The findings dispel the myth about eggs leading to an increased heart attack risk. According to the food-based dietary guidelines compiled by the World Health Organisation (WHO) for the European Region, 2-3 eggs per week have been acceptable for countries such as Germany, Greece and Spain.
Results from this study suggest that a high-cholesterol diet or frequent egg consumption do not increase the risk of cardiovascular diseases even in individuals genetically susceptible to a greater effect of dietary cholesterol on serum cholesterol levels.

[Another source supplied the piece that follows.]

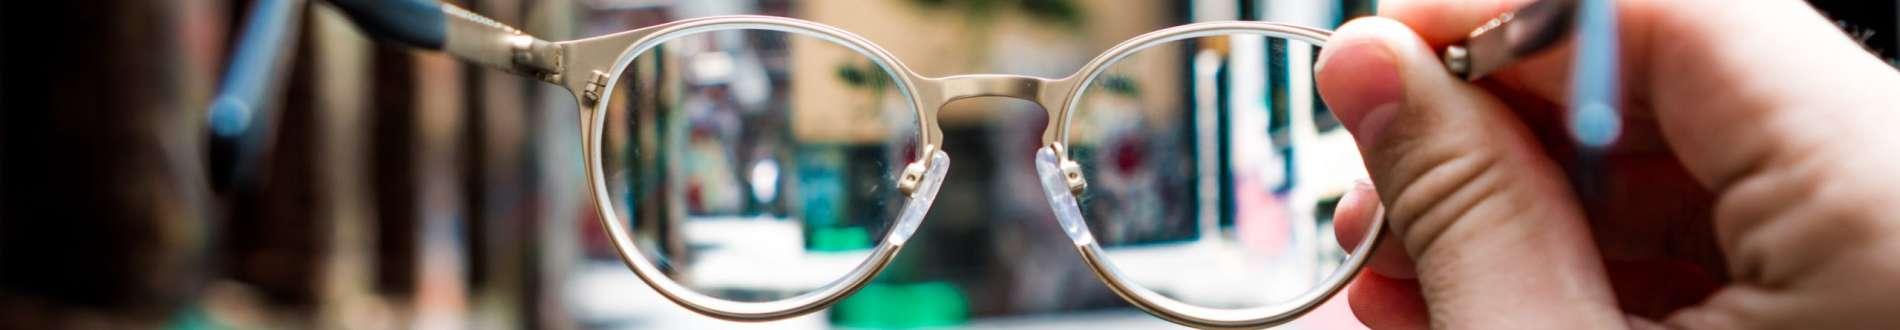 Eye glasses that help see a city street

Nutrition recommendations worldwide no longer set intake of dietary cholesterol. However, in carriers of the protein E type 4 allele (APOE4) - which effects cholesterol metabolism - the impact of dietary cholesterol on serum cholesterol levels is more significant.
Unique Finnish population
In Finland, where this study takes place, the frequency of the APOE4 allele, which is a hereditary variant, is high and around 33% of the population are carriers.

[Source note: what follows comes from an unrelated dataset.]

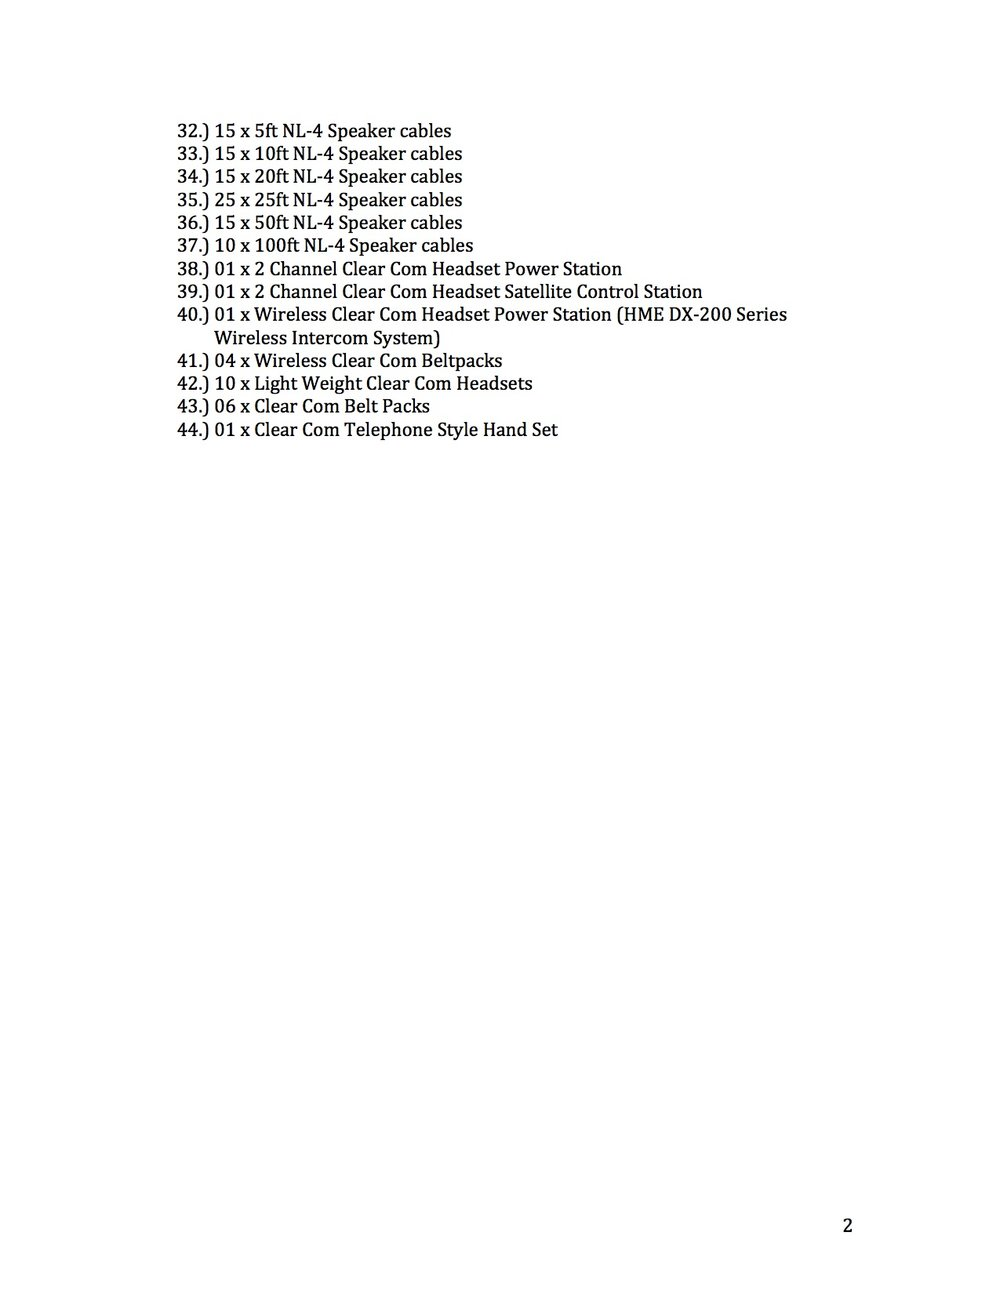 07 Royale Equipment List 8-6-16.jpg

The study enrolled 1032 men aged 42–60 years old in 1984–1989 as part of the Kuopio Ischaemic Heart Disease Risk Factor Study, (KIHD). Dietary intakes were assessed with 4-day food records and these men had no baseline indications of cardiovascular disease.
During a follow-up of 21 years, 230 men had an incident of a heart attack and 32.5% of the study participants were carriers of APOE4.
These results were significant enough to suggest a high intake of dietary cholesterol was not linked to coronary heart disease within the study cohort and those who carried the APOE4 allele.
Critically, the actual consumption of eggs was not associated with a risk of coronary heart disease. The findings were also unable to prove a link between dietary cholesterol or egg consumption with arterial wall thickening.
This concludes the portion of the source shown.